Liberica's cup is bold, deep, and complex. Typical tasting notes include floral and fruity aromas, plus woody, smoky, and nutty undertones. It tends to have a full, syrupy body and relatively low acidity. Some roasts can even bring out nuances of dark chocolate or spices.
Because of its resilience, most significantly heat- and disease-tolerance, and genetic uniqueness, Liberica is increasingly interesting to specialty coffee producers, especially in a changing climate. And while harvest and processing are more labor-intensive thanks to the height and big fruit, its unusual cup profile has earned it a small but devoted following.
Excelsa
Considered the fourth and final type of coffee bean, Excelsa coffee, often labeled Coffea excelsa, but more precisely classified as Coffea liberica var. Dewevrei, is something of a hidden gem in the coffee world. It was first discovered in Central Africa, around Lake Chad, in the early 1900s. For a long time, botanists considered it a distinct species, but in 2006, it was reclassified as a variety of Liberica.
The trees of the Excelsa plants are also tall, though not quite as tall as pure Liberica trees. They thrive in warm, tropical climates and are remarkably resilient. Their resistance to pests, drought, and diseases makes them an ideal choice for regions where coffee growth is more challenging.

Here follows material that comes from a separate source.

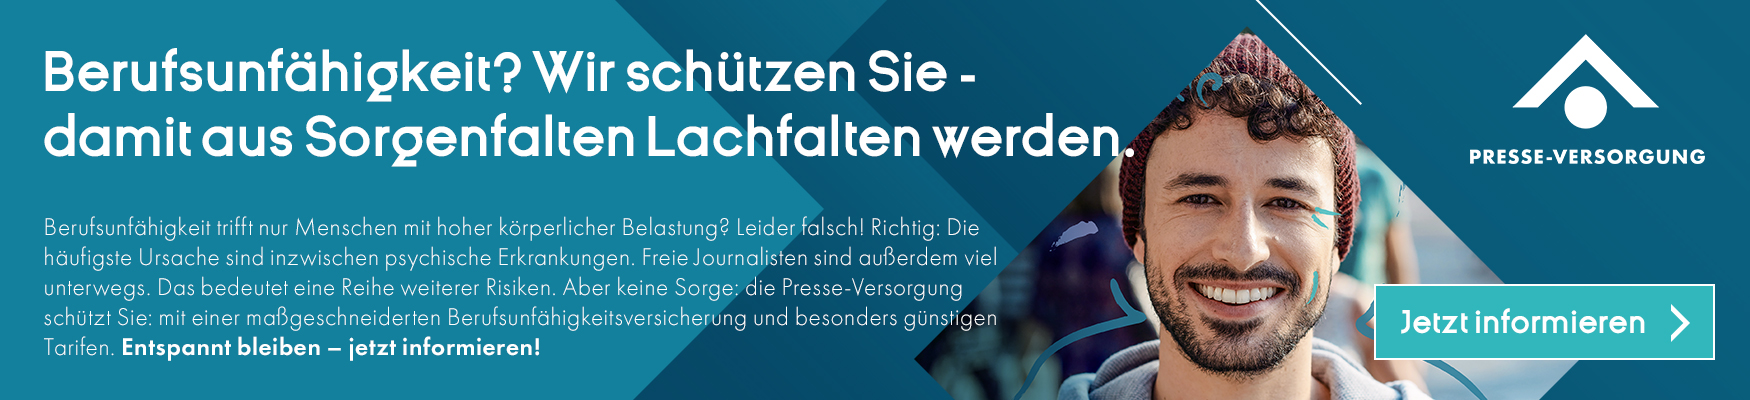 Anzeige der Presseversorgung GmbH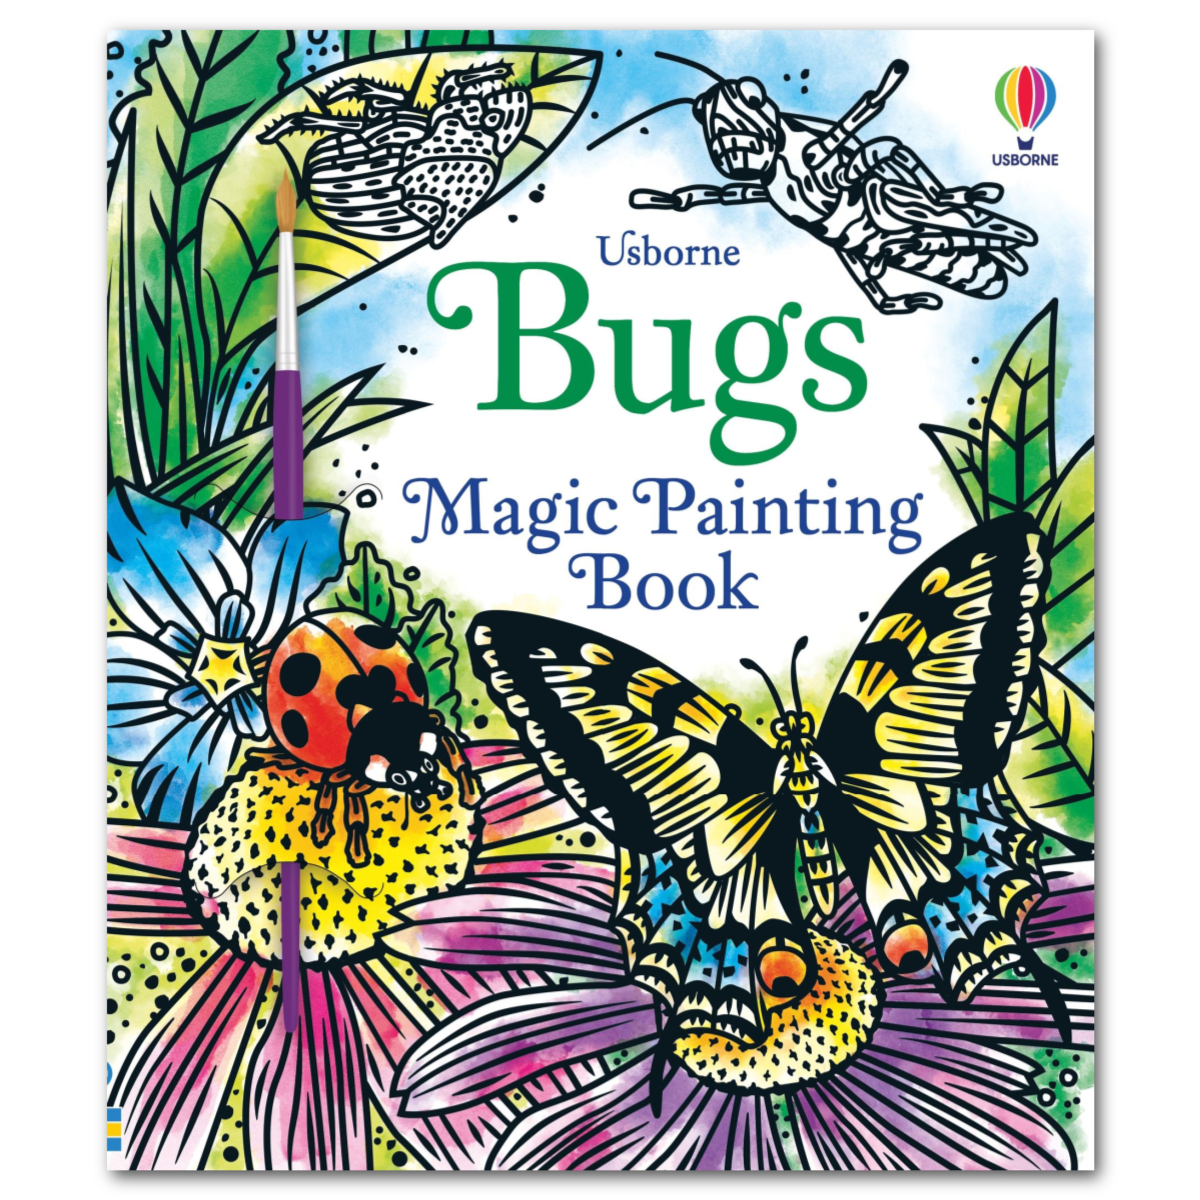 Usborne Books | Magic Painting Book - Bugs

Today, Excelsa is mostly grown in Southeast Asia, primarily Vietnam, the Philippines, and Indonesia, as well as parts of India, though there are some wild populations that remain in Africa.
What makes Excelsa particularly interesting is its flavor. It sits somewhere between a light and dark roast, bringing a tarty, fruity acidity with floral, woody, and even spiced notes. You may also notice smoky or wine‑like undertones and a syrupy body that gives it richness without feeling overly heavy. It also has a relatively low caffeine content, certainly lower than Robusta's and even lower than Arabica's. Thanks to its resilience and unique taste, Excelsa has started to gain attention in the specialty coffee world as a climate-resilient alternative. While it remains rare, making up only a small fraction of global production, its complexity makes it extremely valuable in blends or as a specialty single-origin bean.